You still have the body that doesn’t move as fast, the digestion that likes to keep you guessing what food you can tolerate today, and the mind that isn’t quite as sharp as before. But couple these things with divorce, bankruptcy, or death, and aging can be debilitating.
I know this personally all too well. At the age of 57 and after 32 years of marriage, I’ve found myself working again full-time and living in a 380 ft. studio apartment that houses me and all my worldly possessions. To the shock of my friends and family, I moved out on my own and then filed for divorce. It doesn’t matter the reasons; the “who-did-what” or “he said she said”.
The reason I’m writing this is because I know I’m not the only woman who is going through this major life over-haul. I’ve been in counselling, I’ve read books on how to survive divorce and talked to loving friends and family who have lent a sympathetic ear. At the end of the day, it’s just me and up to me, to get through this.
Writing about it helps tremendously. It get these feeling out in the open instead of suspiciously hovering about in my mind. However ridiculous some of my thoughts and feelings are, I still own them, then I write them. I think if I feel this way, someone else out there might feel the same. It’s good to share with each other.

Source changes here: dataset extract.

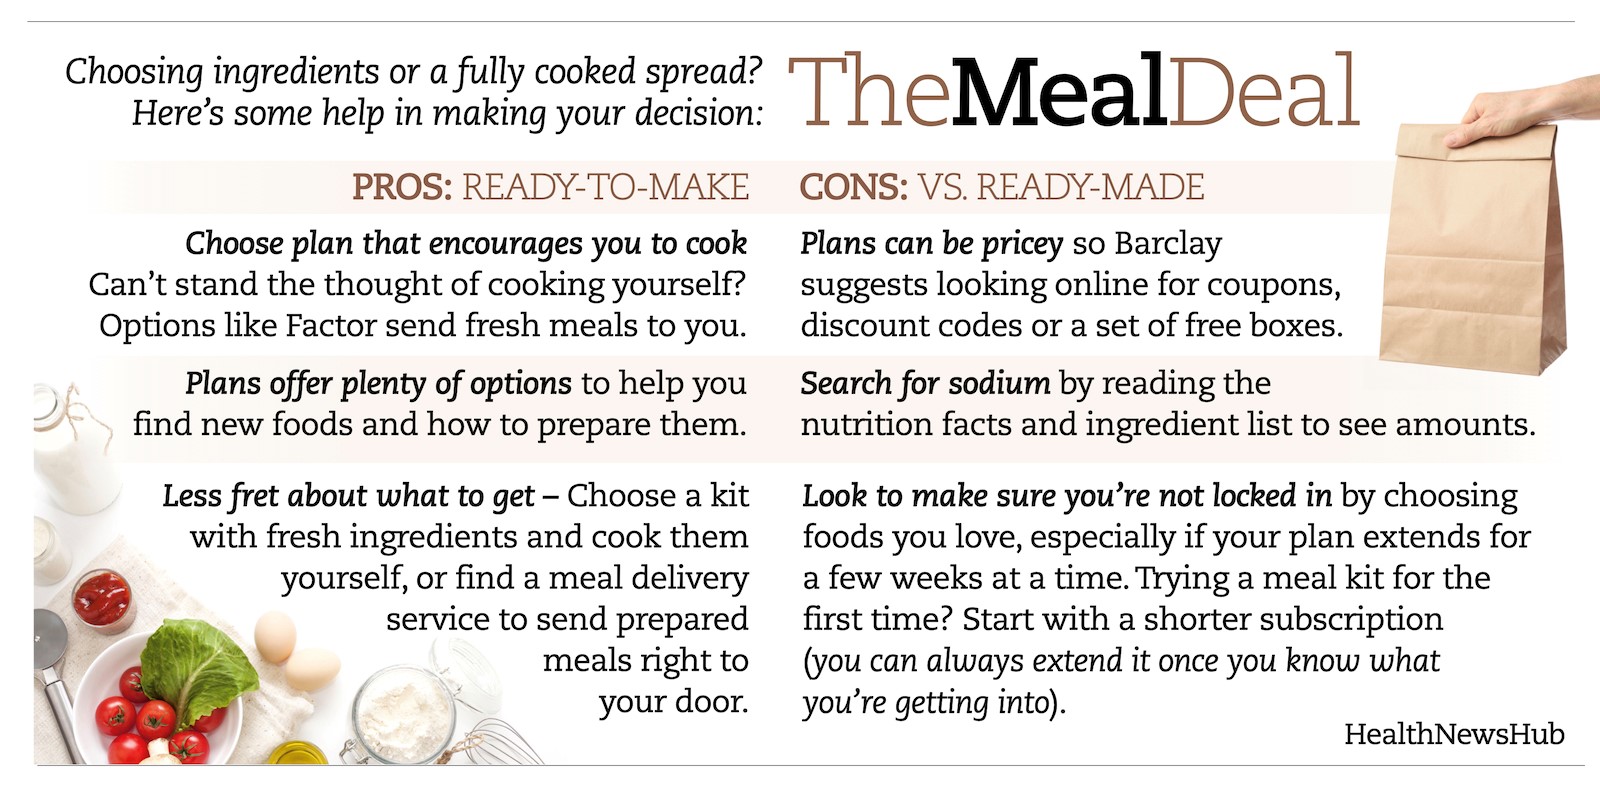 Here are the pros and cons of a meal delivery service.

I know the obvious things to do, like eat well, exercise, keep a social life, meditate, and get plenty of rest. These are blanket must do’s. The difficult part is HOW to do them. It’s the mind and body connection that is the hardest. When the body is willing to give it a go, the mind isn’t and visa- versa.
When you are married and have a family, you are a unit. Whether or not the unit is happy, healthy, etc. doesn’t matter. You perceive yourself and the world perceives you as a unit. You’re not some single individual dangling out there in no man’s land. Regardless of your circumstances, that is a safe feeling. You know what’s expected of you and you have a routine, a LIFE.

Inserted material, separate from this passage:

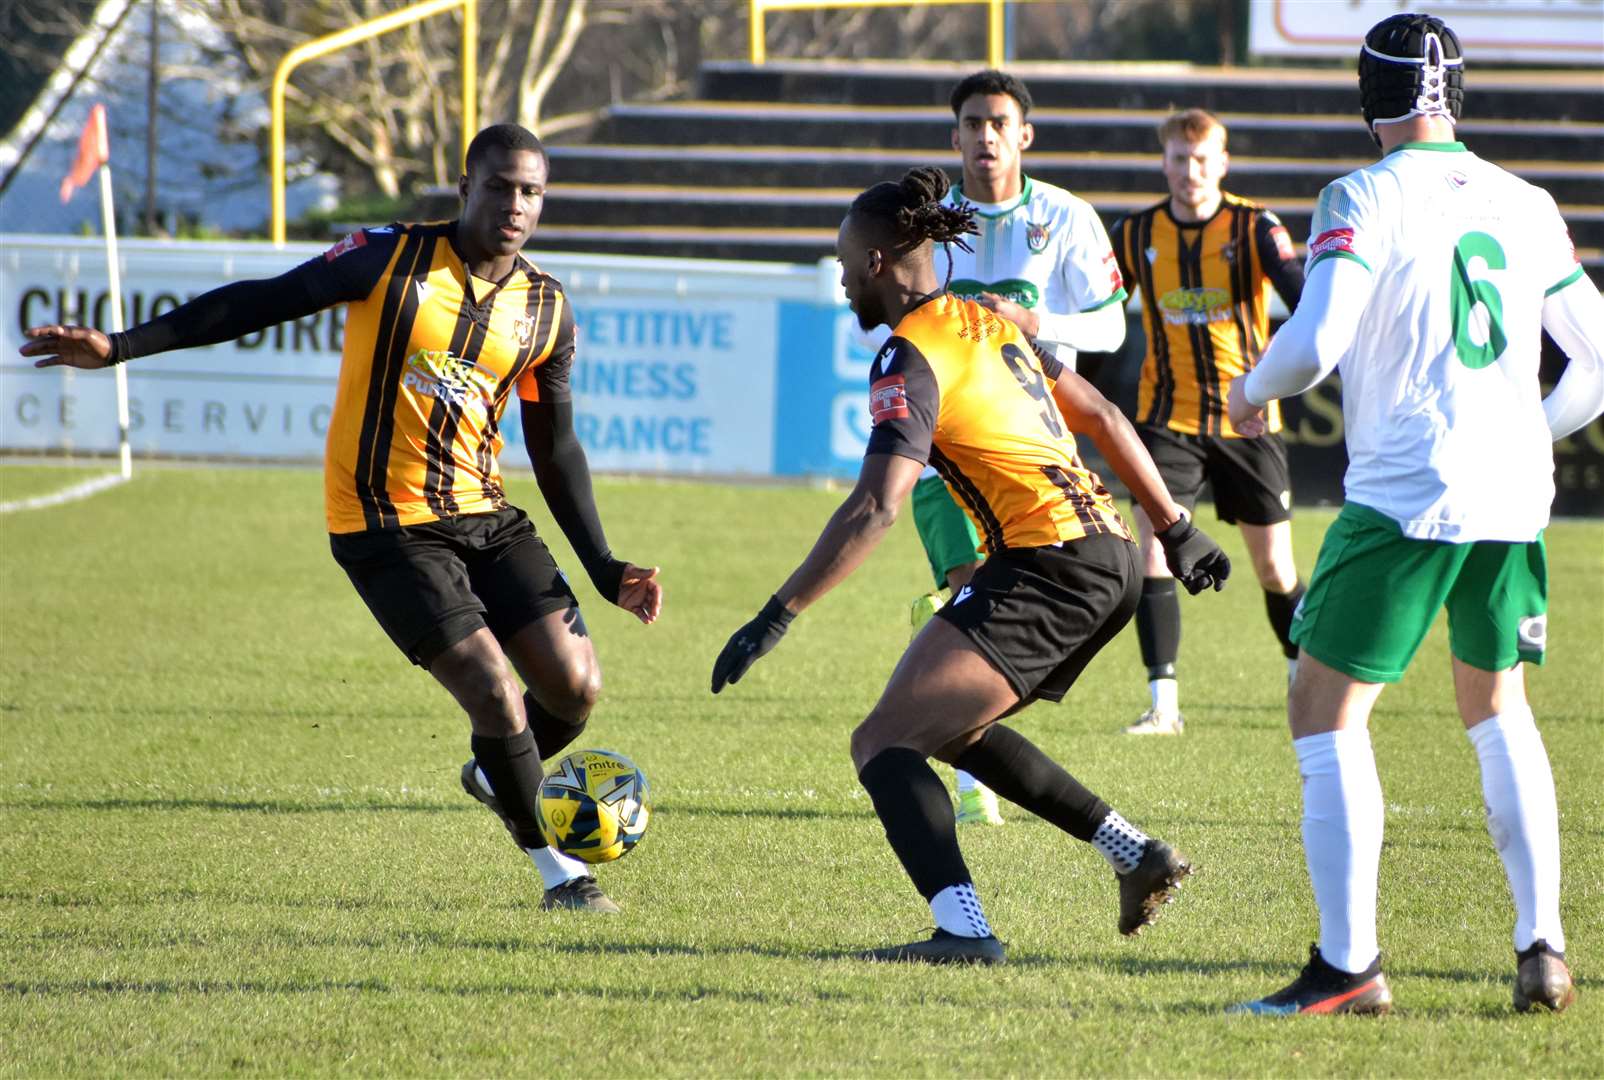 Striker Ade Yusuff tries to get the ball under his spell. Picture: Randolph File

When you separate or divorce, you are no longer part of the unit. I felt this grudgingly when my daughter and son told me they were taking their father on a holiday to Florida for his 60th birthday. I wasn’t jealous per say. I had no desire to go on a holiday with my ex and I wasn’t particularly fond of the area they chose. But it was the fact that they were together all in one place to enjoy themselves. The only person out of the picture was me. I was not part of the unit any longer. My children, even though they have families of their own now, feel the same. The unit was been broken up.
Even though I have been on my own for over a year, every day is a new experience for me. Some days are good and some are not so good. Some days I feel very introverted and don’t care for company. I only want the company of a good book and a long sleep to rest my mind. Other days, I welcome the comfort of friends and family and familiarity. Sometimes I feel very vulnerable, alone in a cold world reminding myself that I’m responsible for me, financially, emotionally, and many more ways.
I believe that everything we experience in life, positive or negative, is for a reason. The steps that led me to this place in my life, some intentional and some not, are steps leading me to a better person and understanding of who I am and can be. Sometimes life throws you curve ball. Sometimes things happen you can’t deny. I’m learning to trust my heart, my instincts, and understand that before I was a daughter, a wife, a mother, or a friend, I was me. A little late in the life plan, but getting to know the real person of me is a wonderful feeling!
It is indeed comforting to find such a candid and honest approach to this tough subject. Thank you. After 22 years of marriage I am beginning to think outside the box…and about me and my future. My youngest child is sixteen, however, so that any plans made before he graduates from high school are risky at best. Nevertheless, the thoughts are there. And I’m sure someone like you would understand…
I hope I helped you some way, Anna. Even though my children were older, it does not lessen the pain. Everyone’s situation is different and there are no easy answers. I encourage you to be open and talk to others about how you feel. I wish you all the well. Thank you for reading my article and your comment.
Hi Cindy,
Your life is become almost a mirror image of mine ..it is uncanny .
One big difference is I have been on the cusp of writing for along time but not taken the plunge.
All the very best wishes fot the new life you have created and deserve……..for you .
Russ X
Tecoma ,Victoria, Australia.
Hi Russ,
Thank you for your kind comment. I’m still adjusting to my new life, but would not change a thing. I try to think of life as a journey, learning as we go. Get on with your writing! Good luck to you.
Hi Cindy
You very accurately sum up what I have been grappling with and struggling to formulate things.
I’ve lost my unit and it is very scary and frightening, people ask am I ok & I say yes because in part I am but in reality I’m just surviving and existing, it’s hard sometimes to know whether I’m being strong or not but thank you for our article, it certainly has helped 😃
Dear Cindy, it’s great that you’re sharing your experiences! As we age, we become more accepting of things even when they’re going terribly wrong. Maybe we’re just creatures of habit or maybe it’s the “functional dependency” or maybe we’re unsure whether we’d get lonely after a divorce. Like you’ve mentioned…not being part of a unit especially during celebrations. Loved reading your last paragraph.